Researchers Develop New Biofuel System for H2 Production

A team of researchers at UNIST led by led by Professor Jungki Ryu in the School of Energy and Chemical Engineering have developed new biofuel system that uses lignin found in biomass for the production of hydrogen. The system decomposes lignin with a molybdenum (Mo) catalyst to produce high value-added compounds, and the electrons extracted in the process effectively produce hydrogen. The findings of this research have been published in ACS Catalysis.
Through the study, Professor Ryu and his research team have developed a new biofuel system that uses lignin as an electron donor in a way to reduce the overall inefficiency of the oxygen evolution reaction (OER).

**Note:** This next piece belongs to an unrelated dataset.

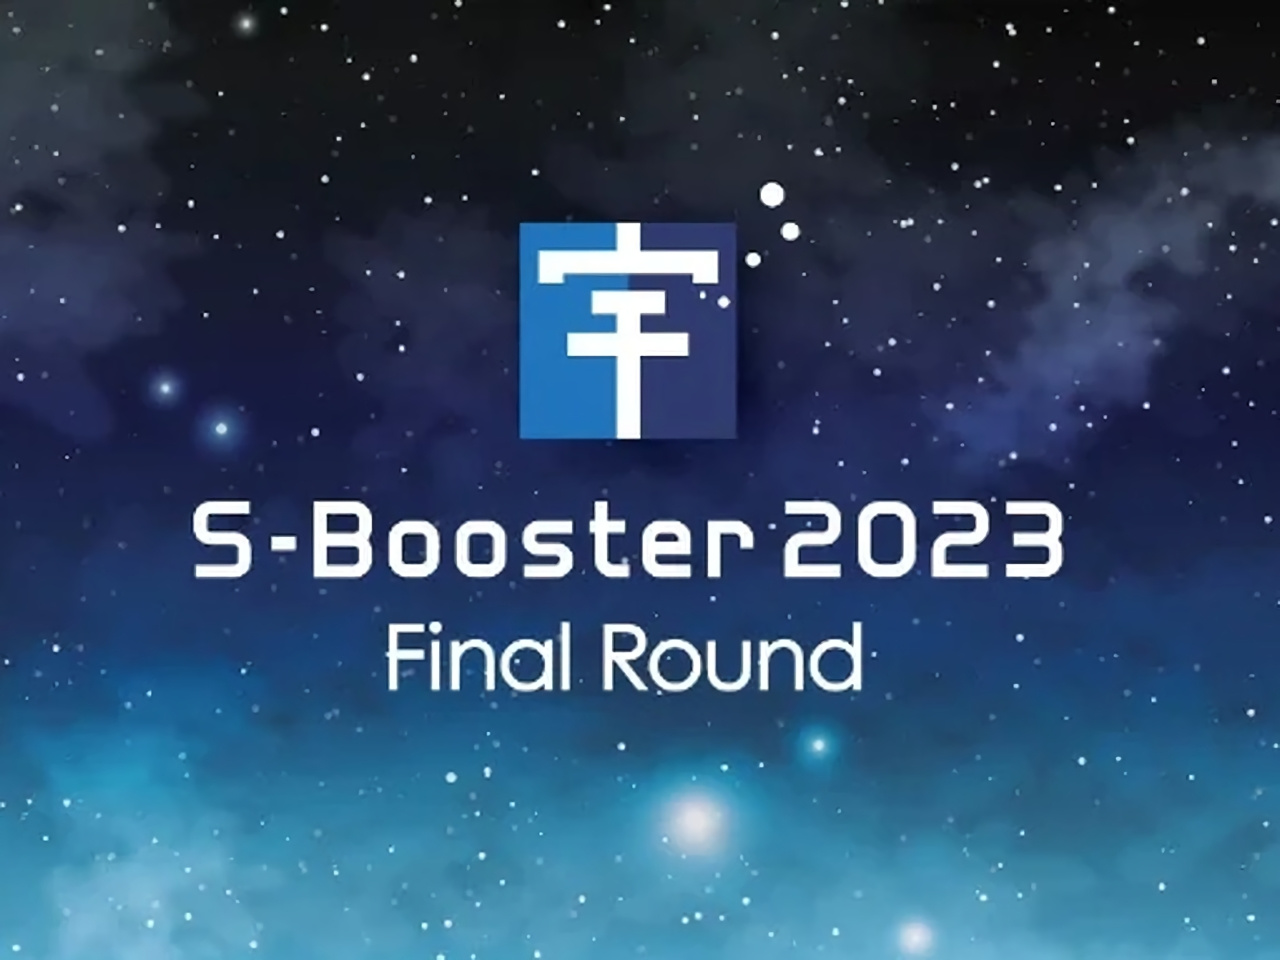 宇宙ビジネスアイデアコンテスト「S-Booster」最終選考会、11月16日に開催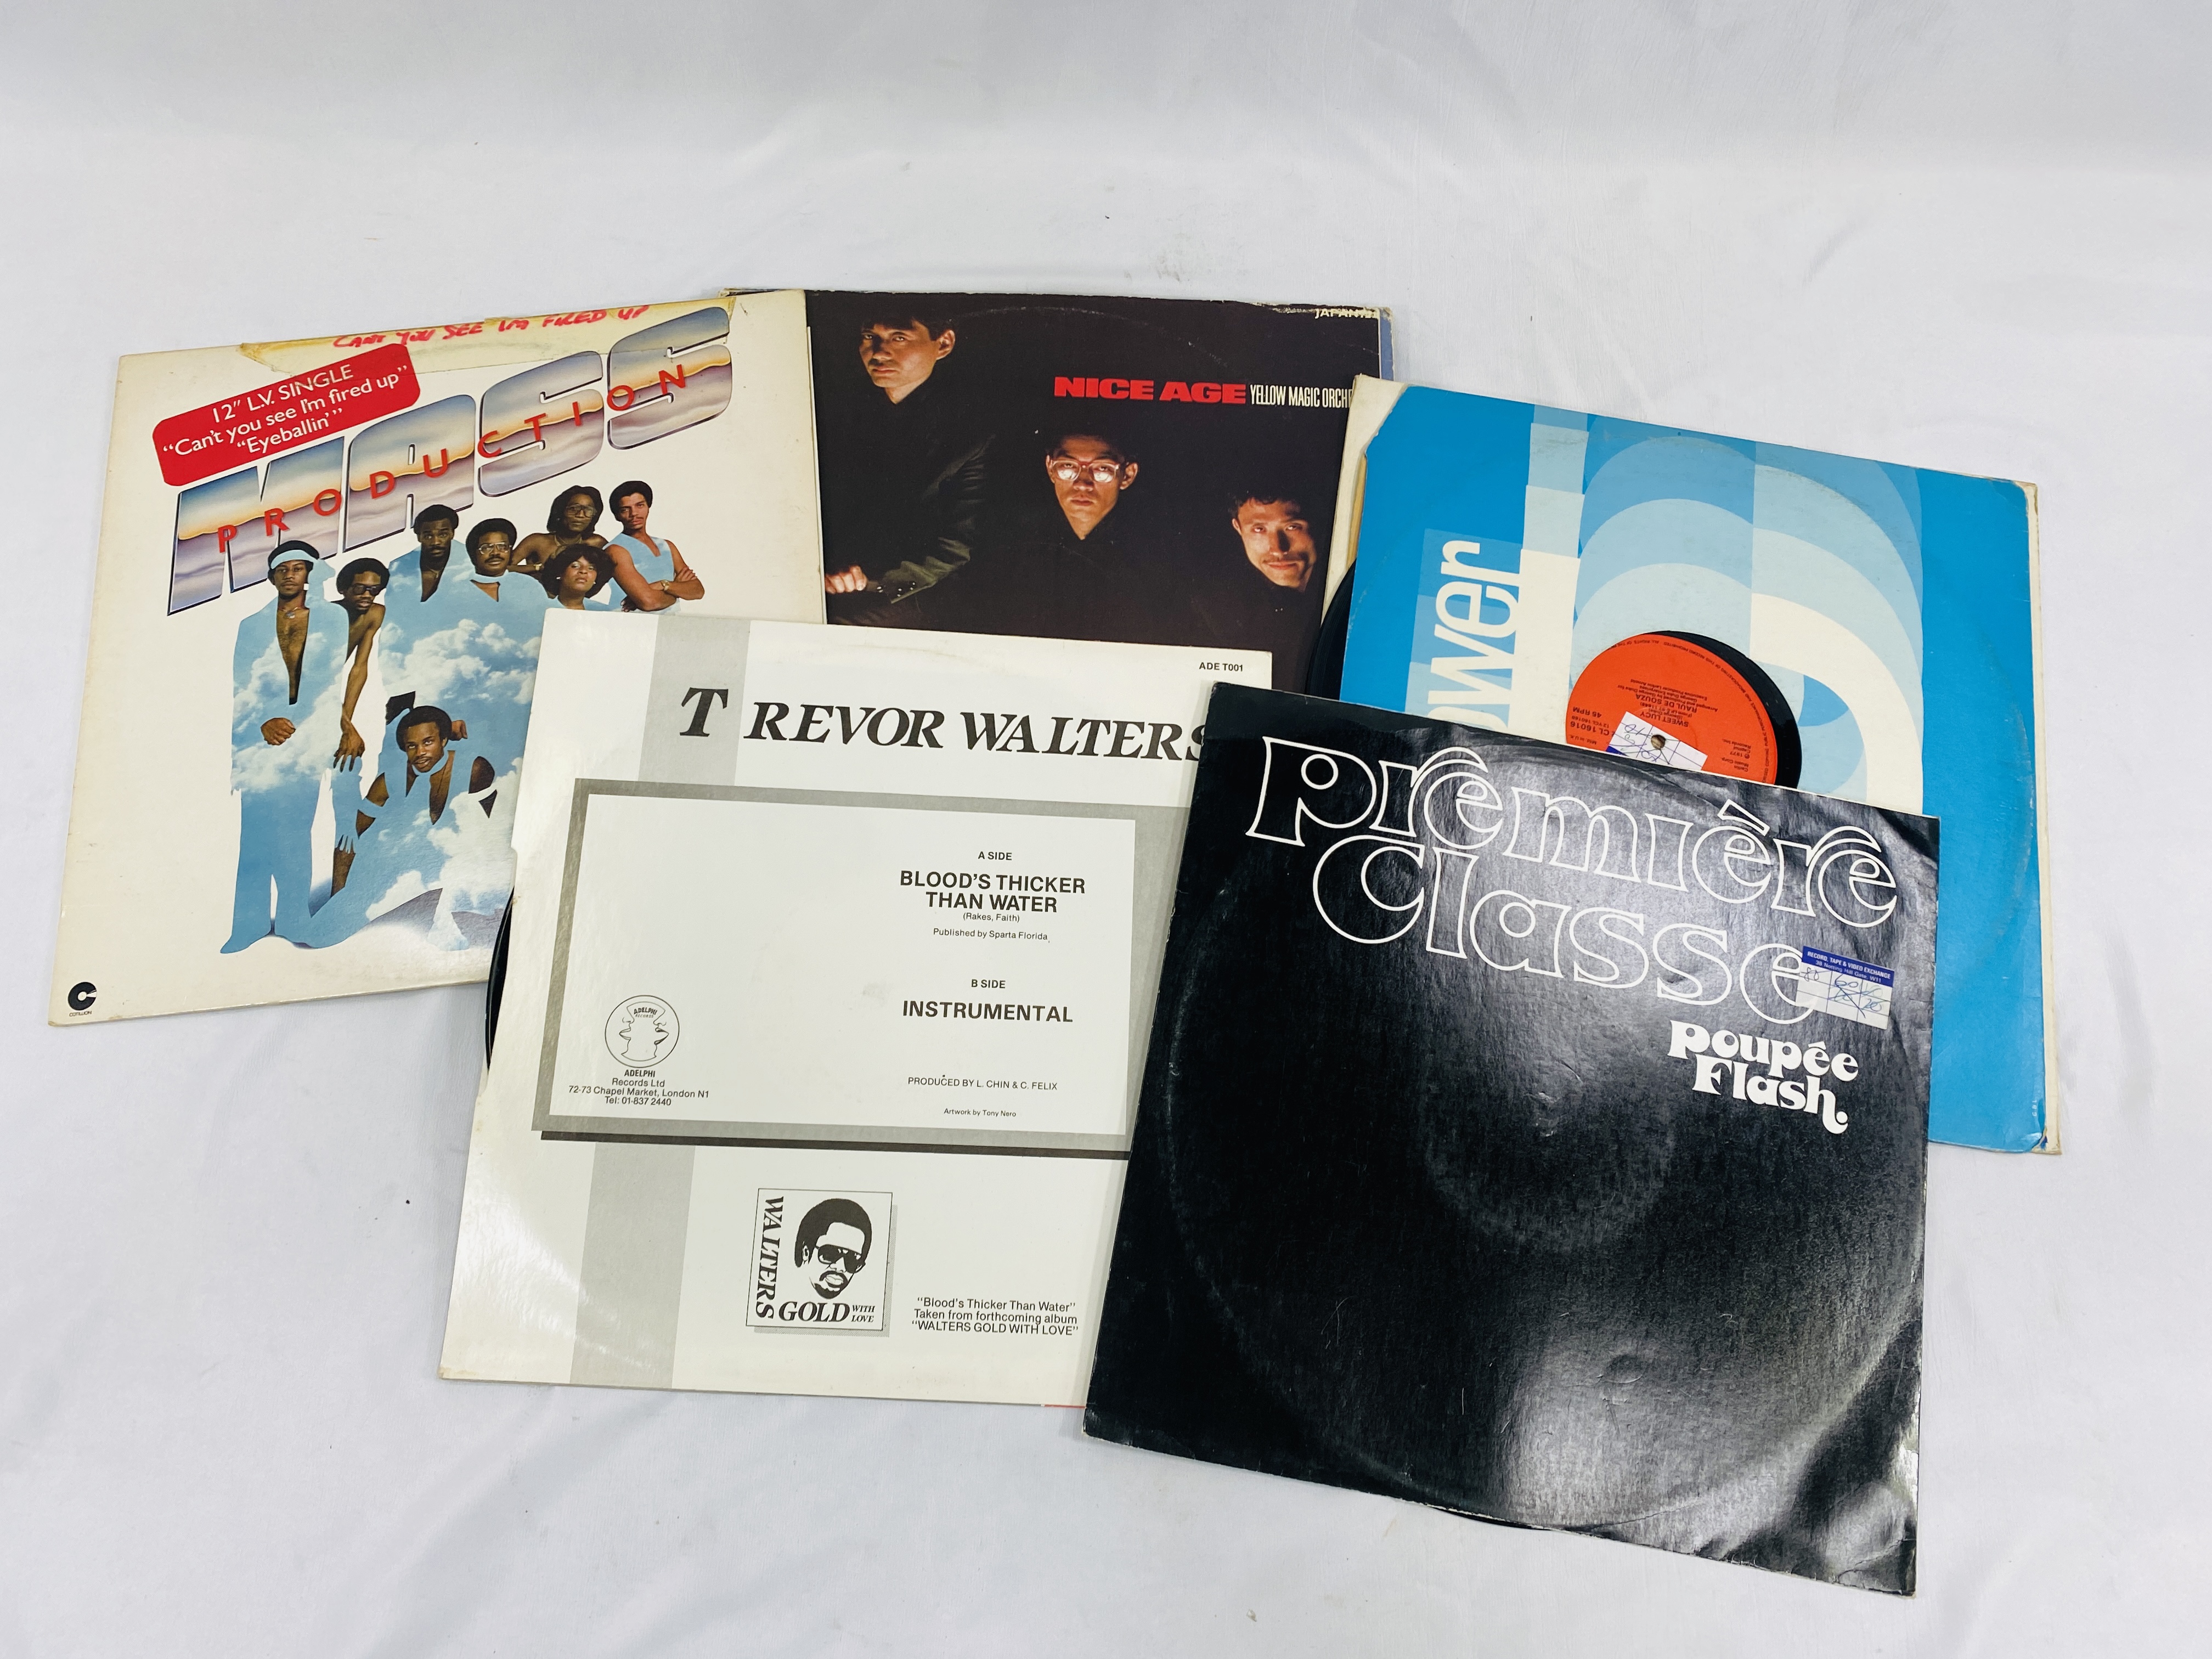 A quantity of vinyl records

This is the principle of using molybdenum-based inexpensive metal catalysts (PMA) to break down lignin at low temperatures, and extract the electrons produced in the process to produce hydrogen. The new device has been designed to move electrons from lignin, along the wire to the electrode where the hydrogen evolution reaction (HER) occurs. “With this new system, we can produce hydrogen with less energy (overvoltage) than conventional water electrolysis, as there is no need for oxygen reactions, requiring high energy and precious metal catalysts. The new system was capable of producing hydrogen at a much lower potential (0.95 volts),” says Hyeonmyeong Oh (Combined M.S/Ph.D. of Energy and Chemical Engineering, UNIST), the first author of the study. “The new biofuel system is a technology that produces hydrogen and valuable chemicals using cheap catalysts and low voltages instead of expensive catalysts such as platinum (Pt),” says Professor Ryu. “Our work is also significant, as it presents a new way to replace oxygen-producing reactions in the electrolysis of water.”